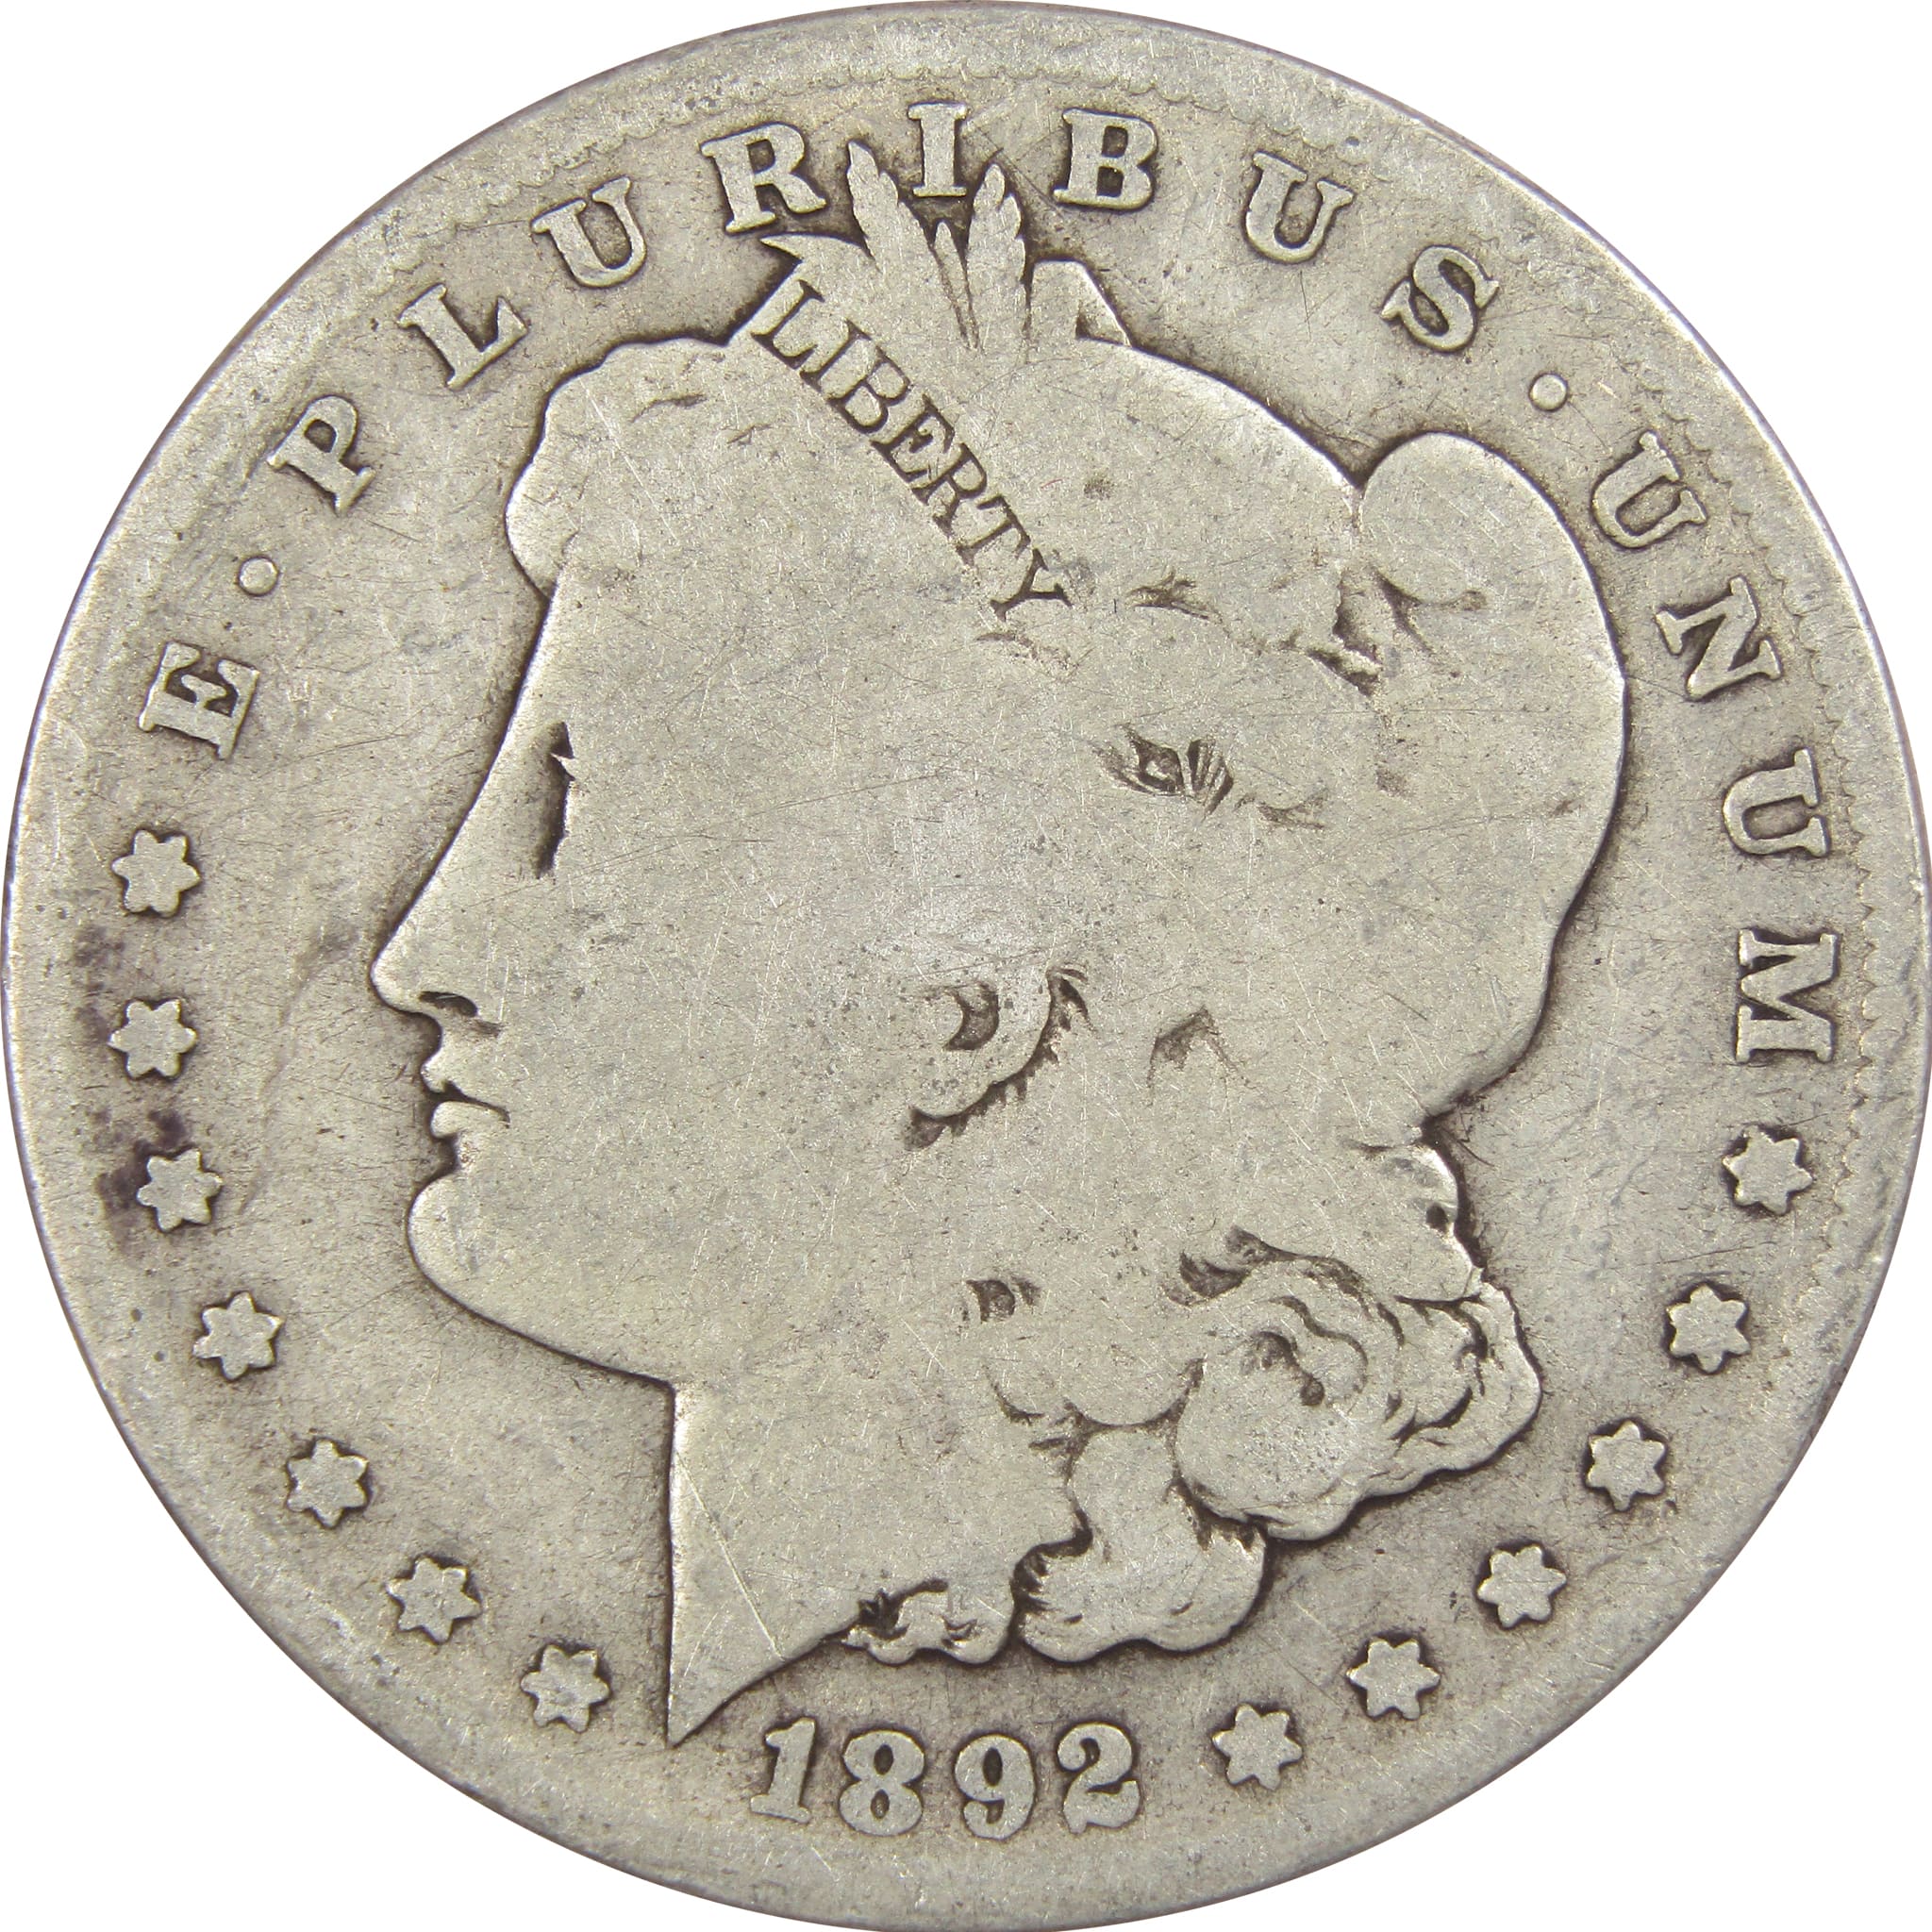 1892 S Morgan Dollar AG About Good 90% Silver US Coin SKU:IPC7443 - Morgan coin - Morgan silver dollar - Morgan silver dollar for sale - Profile Coins &amp; Collectibles
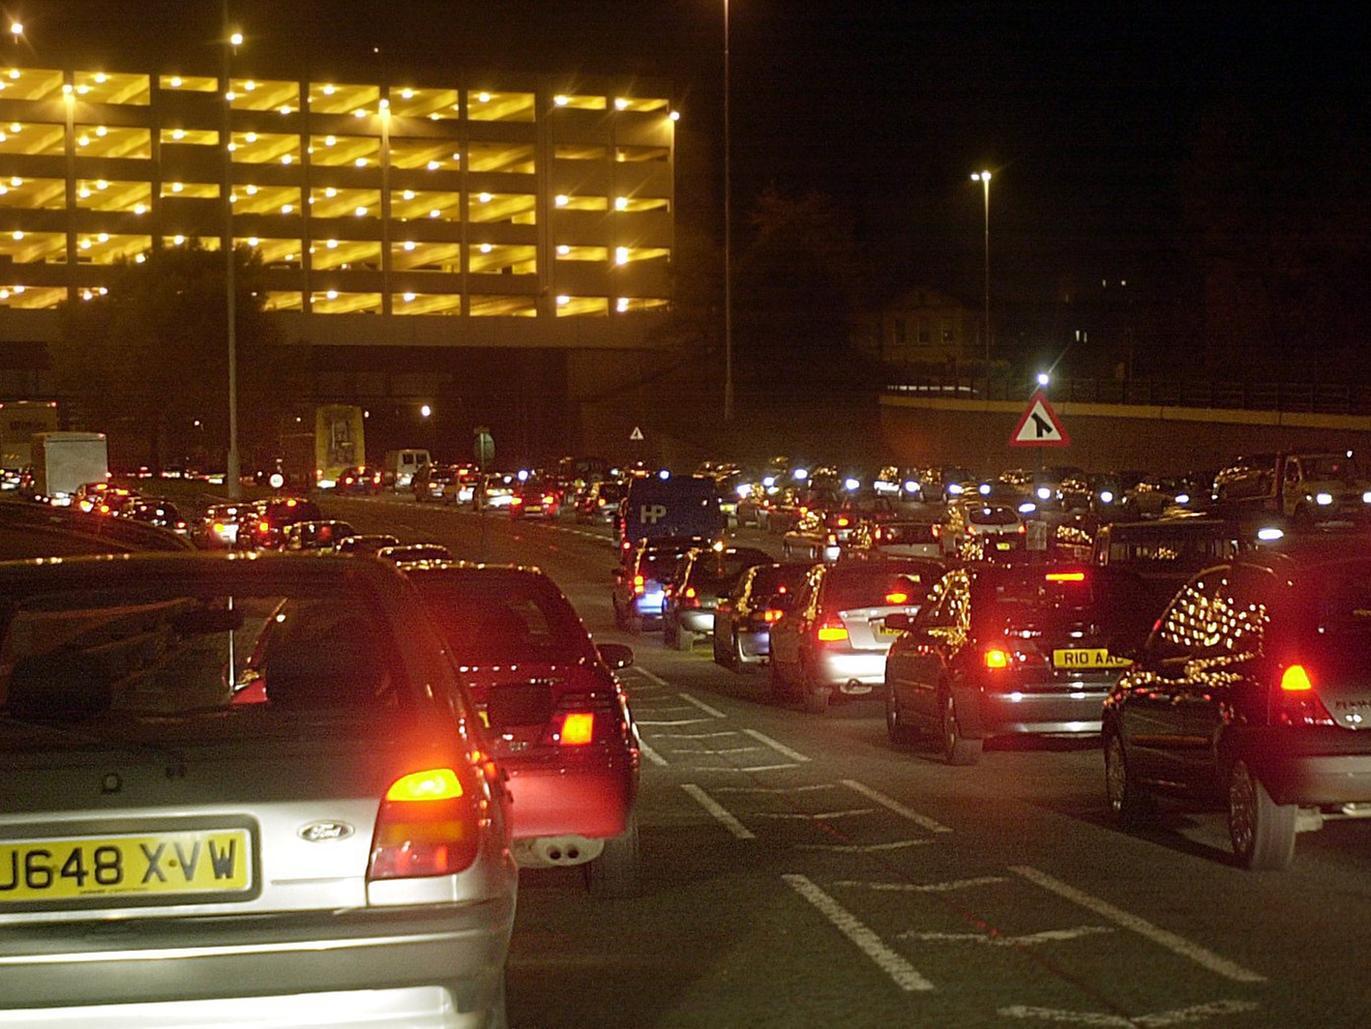 Traffic ground to a halt in both directions of the Leeds Inner Ring Road around 5.30pm as commuters faced long delays in getting home.
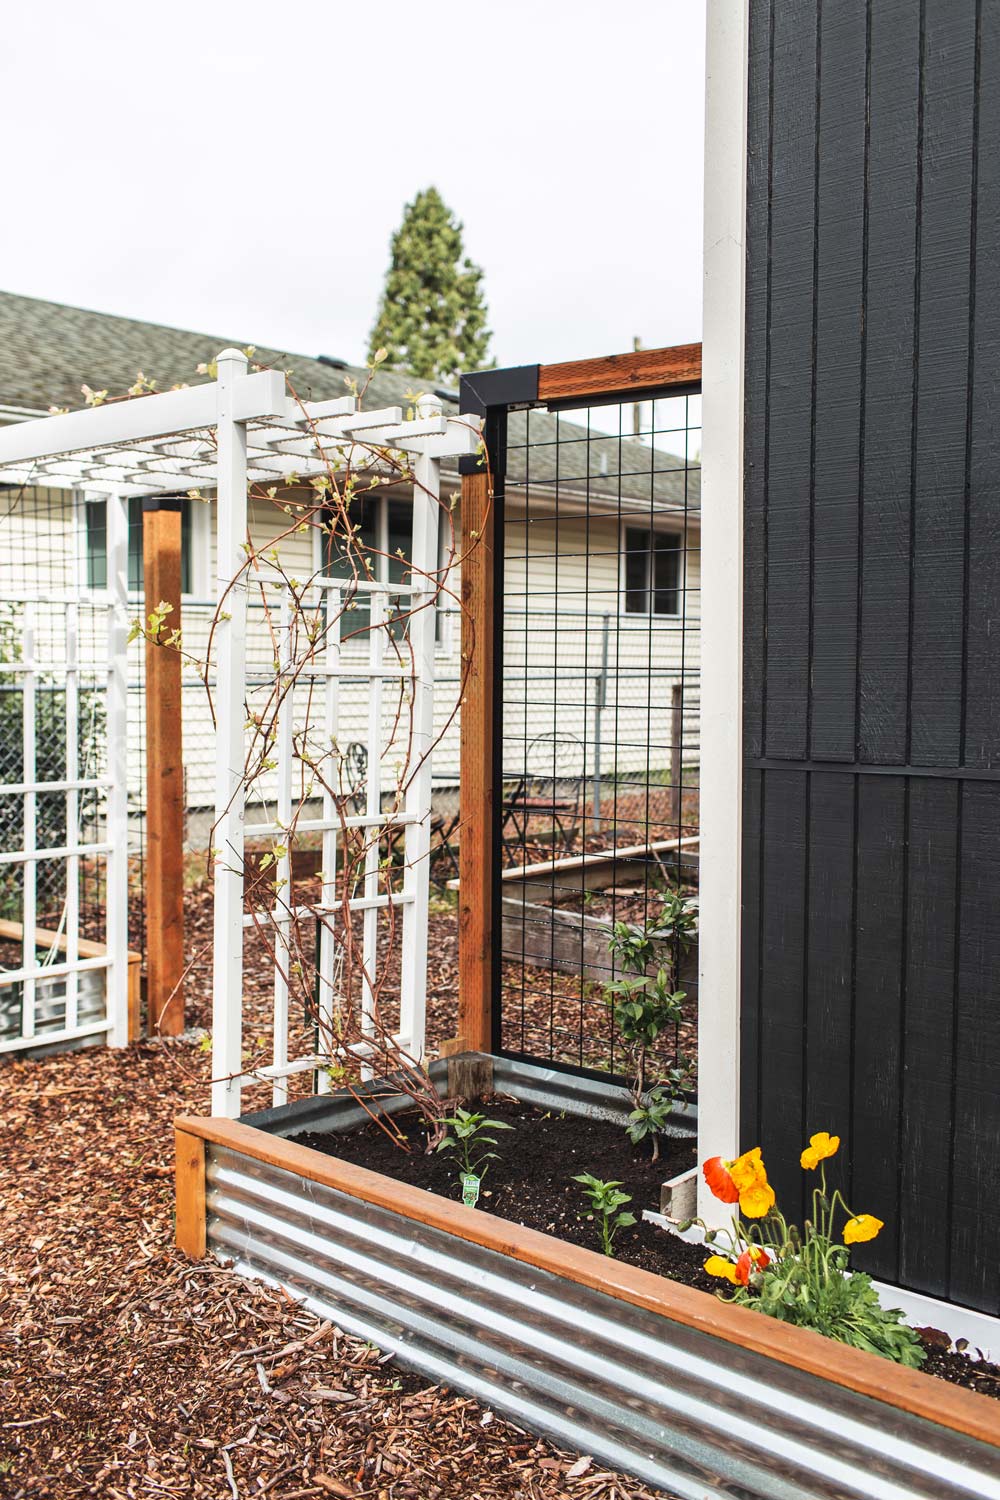 Backyard space with a trellis and garden bed.

◆ ◆ ◆ ◆ ◆

WORK REQUEST – An exact copy of the material above is required, free of any pictures.

RESPONSE BELOW –
 1892 S Morgan Dollar AG About Good 90% Silver US Coin SKU:IPC7443 - Morgan coin - Morgan silver dollar - Morgan silver dollar for sale - Profile Coins &amp; Collectibles
 Traffic ground to a halt in both directions of the Leeds Inner Ring Road around 5.30pm as commuters faced long delays in getting home.
 Backyard space with a trellis and garden bed.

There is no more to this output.